* _GIVEN INFORMATION_
/---
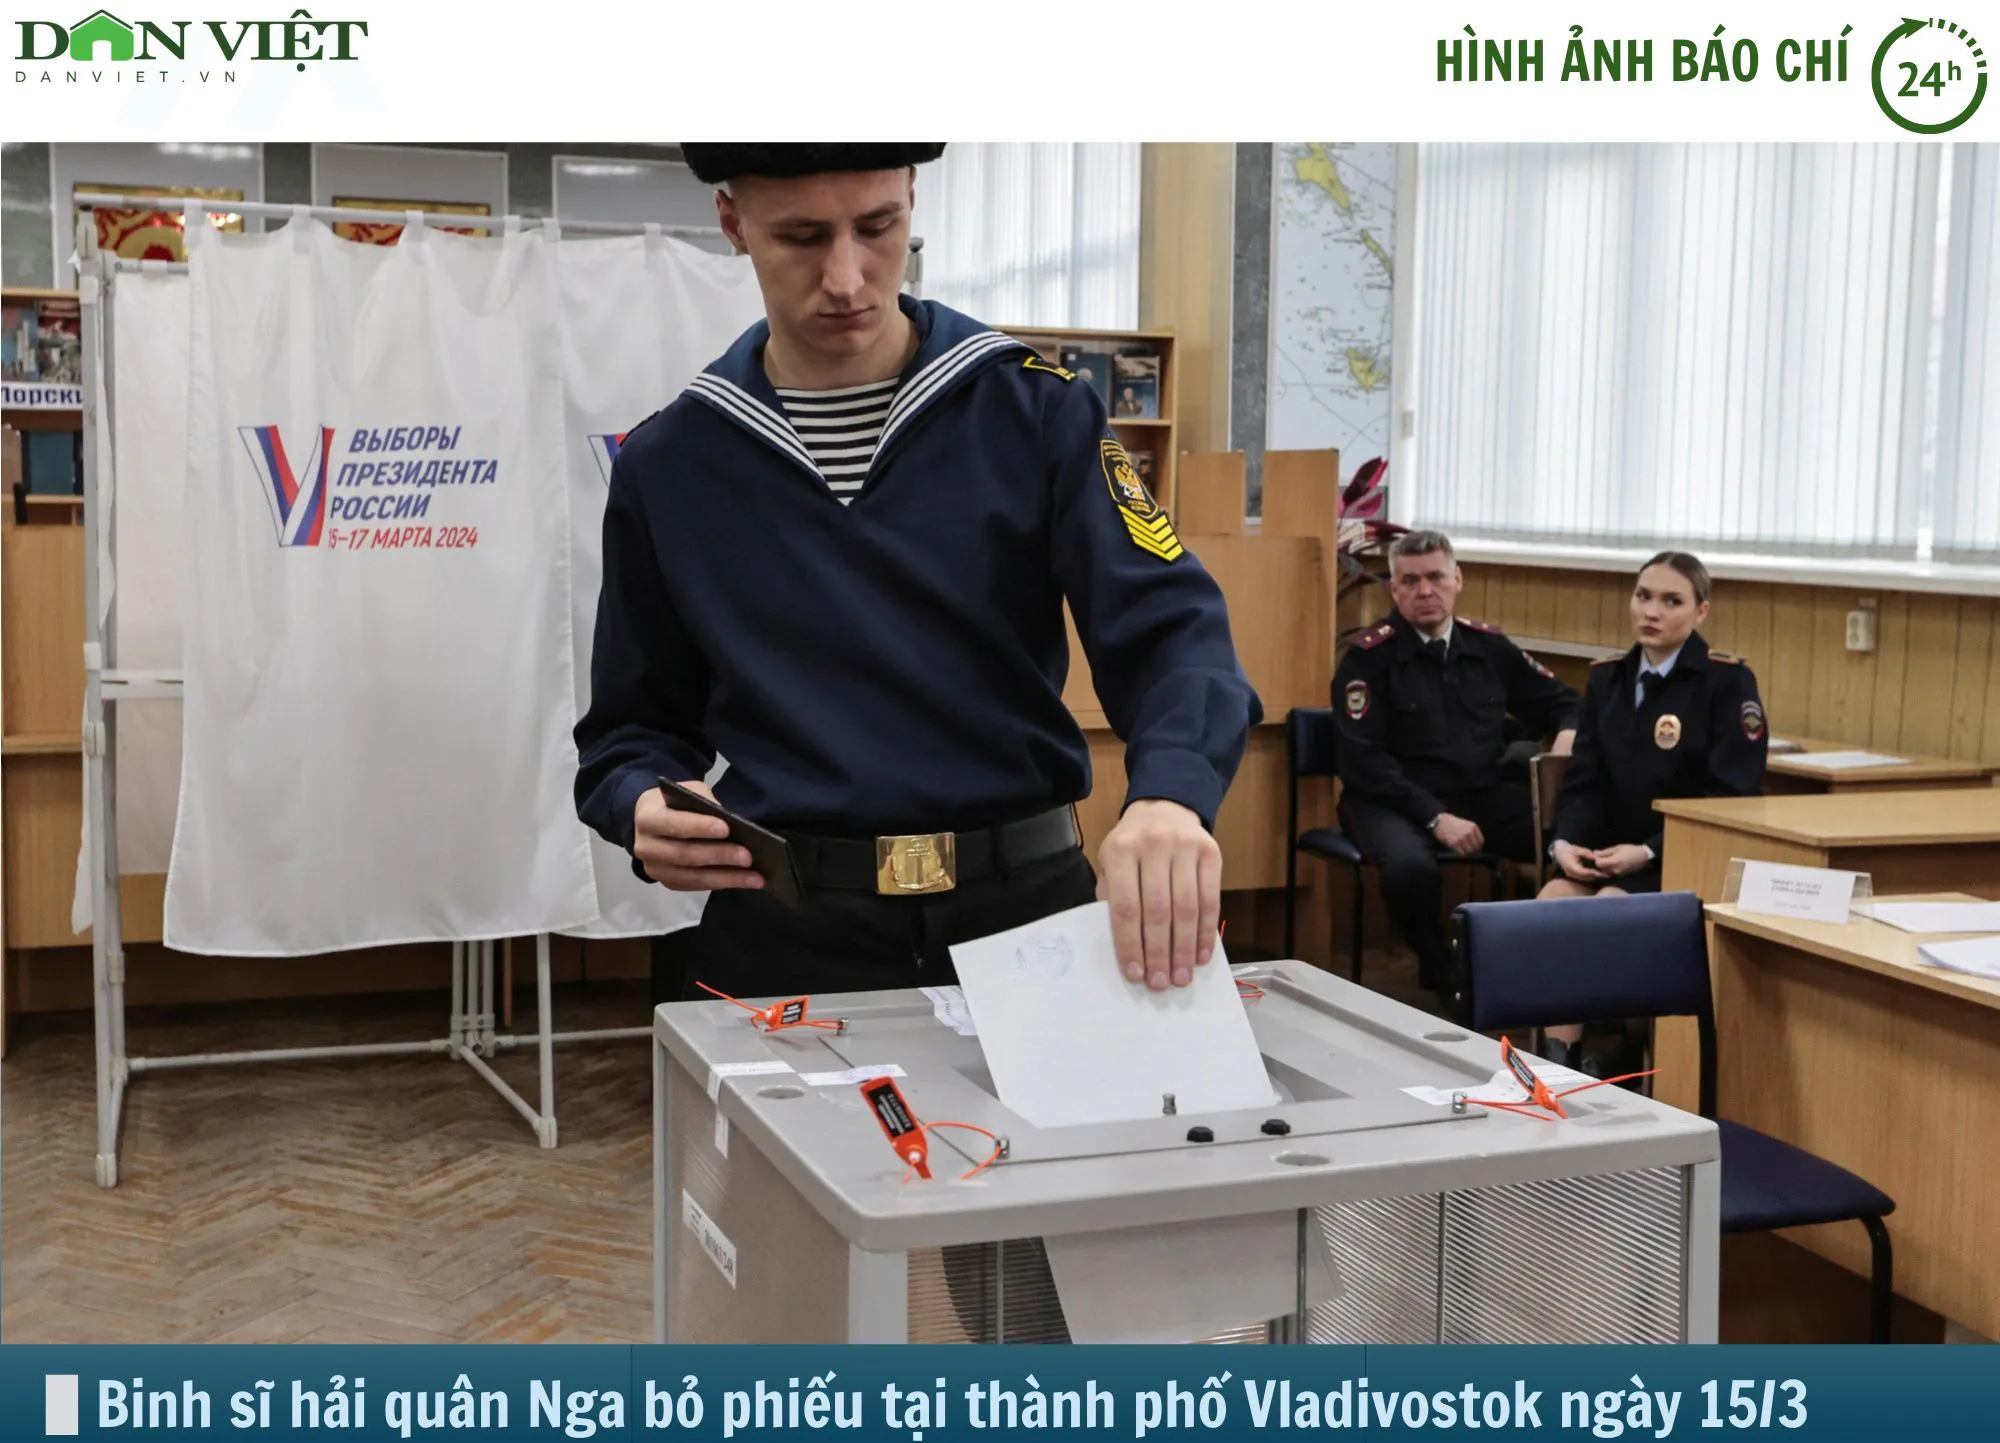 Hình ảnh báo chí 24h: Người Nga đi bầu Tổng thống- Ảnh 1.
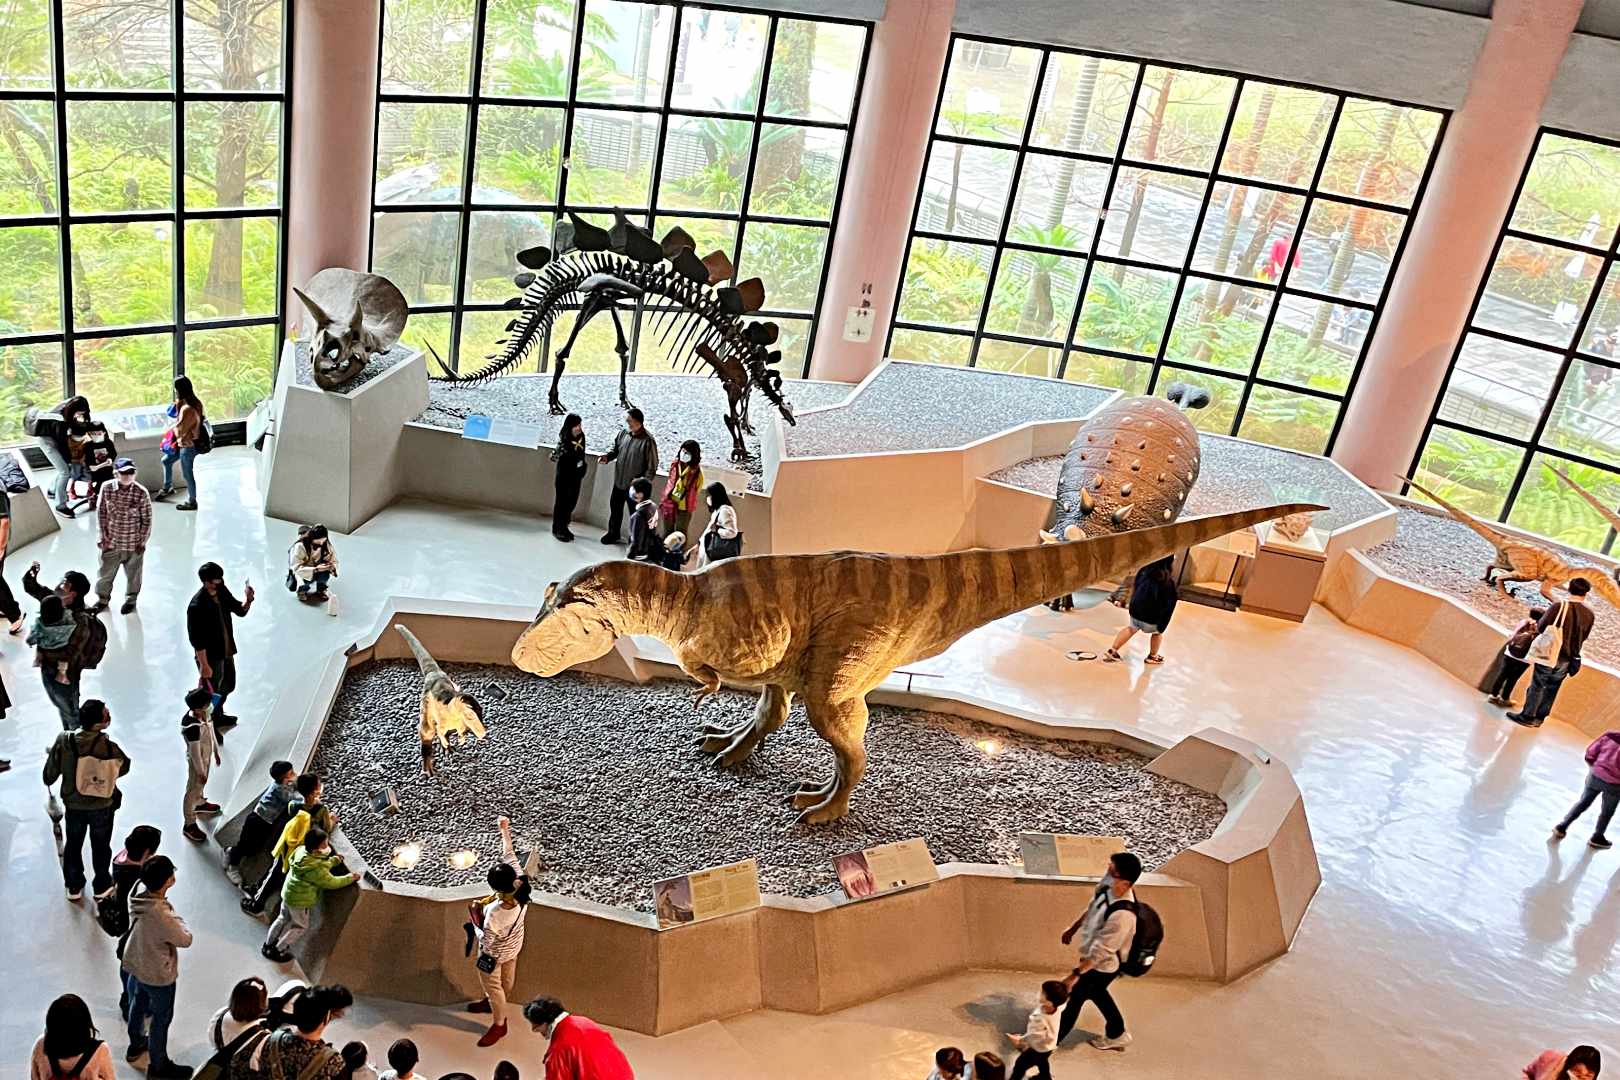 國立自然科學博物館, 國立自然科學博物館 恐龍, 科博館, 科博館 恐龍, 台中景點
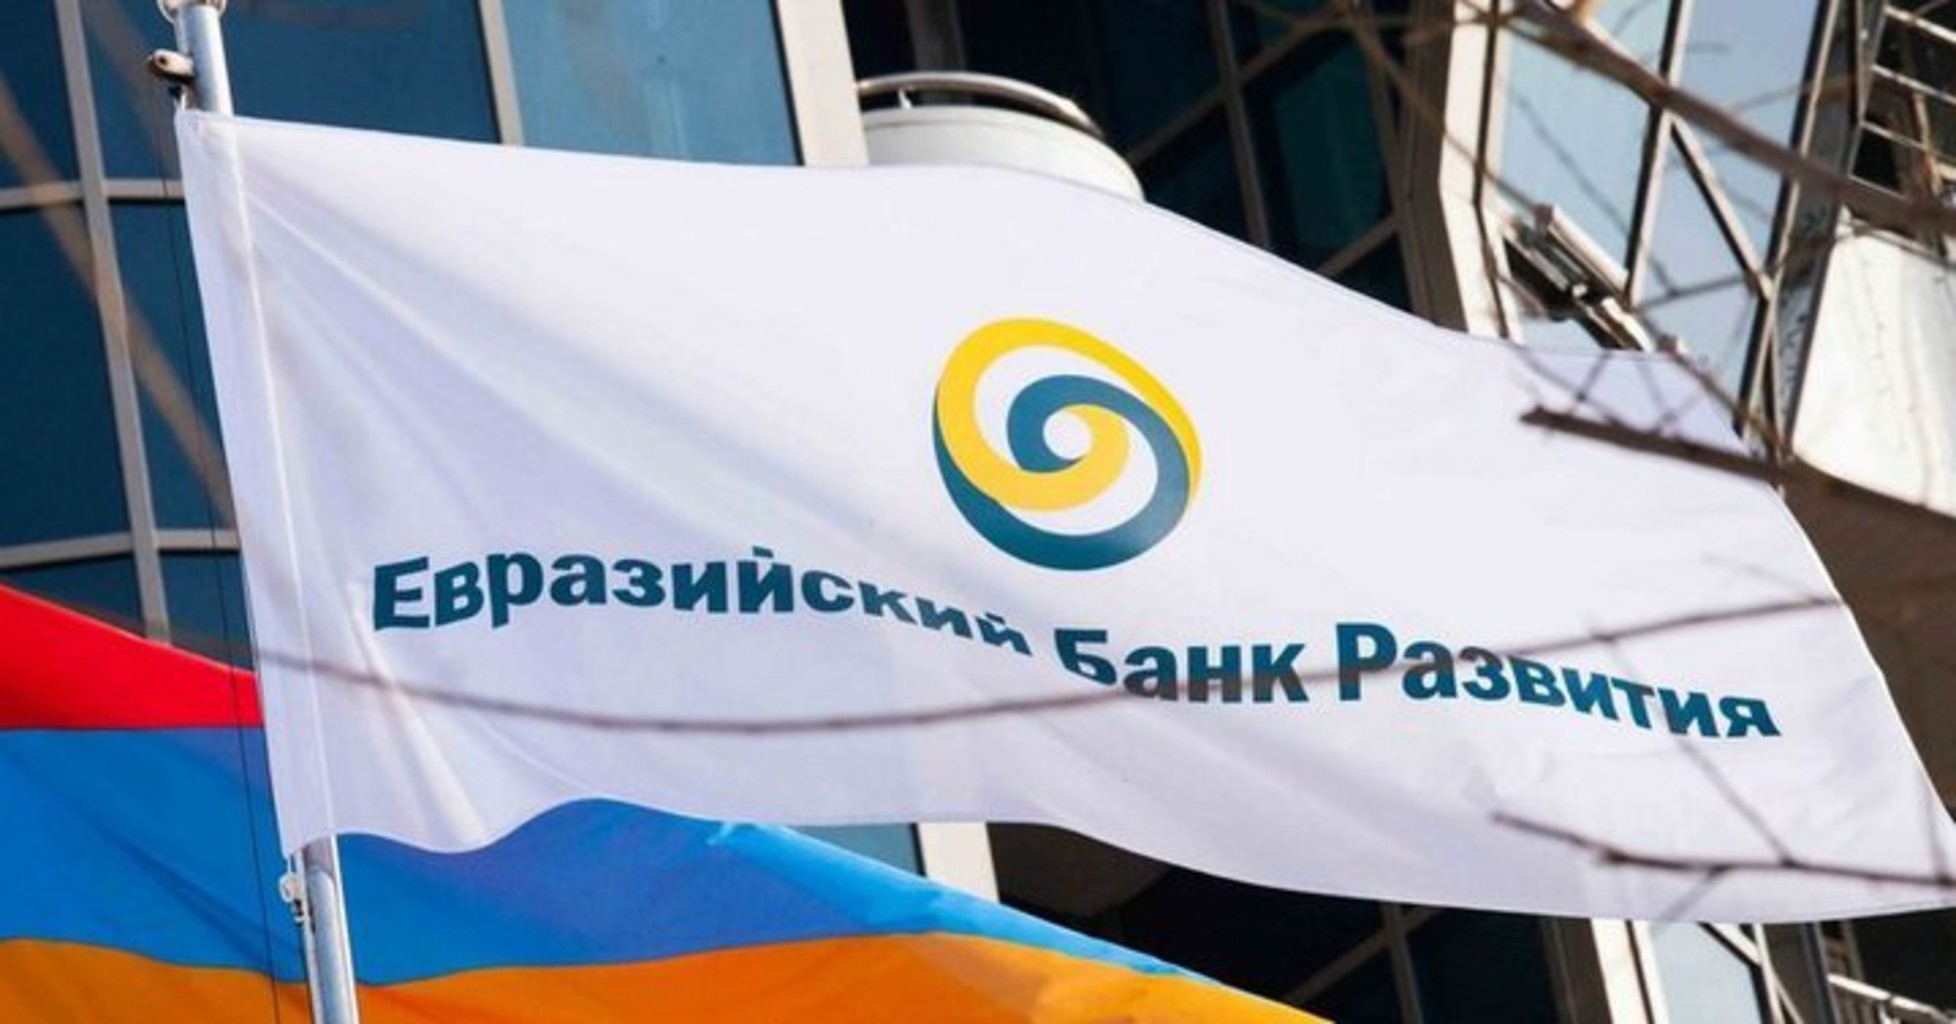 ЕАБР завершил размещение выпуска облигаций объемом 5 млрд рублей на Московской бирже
\---
* _EXERCISE OBJECTIVE_
Your copy must consist solely of the lines from the one containing "國立自然科學博物館, 國立自然科學博物館 恐龍, 科博館, 科博館 恐龍, 台中景點" through the final line of the material above, transcribed exactly, with the pictures left out.

* _OUTPUT FOR THIS EXERCISE_
 國立自然科學博物館, 國立自然科學博物館 恐龍, 科博館, 科博館 恐龍, 台中景點
 ЕАБР завершил размещение выпуска облигаций объемом 5 млрд рублей на Московской бирже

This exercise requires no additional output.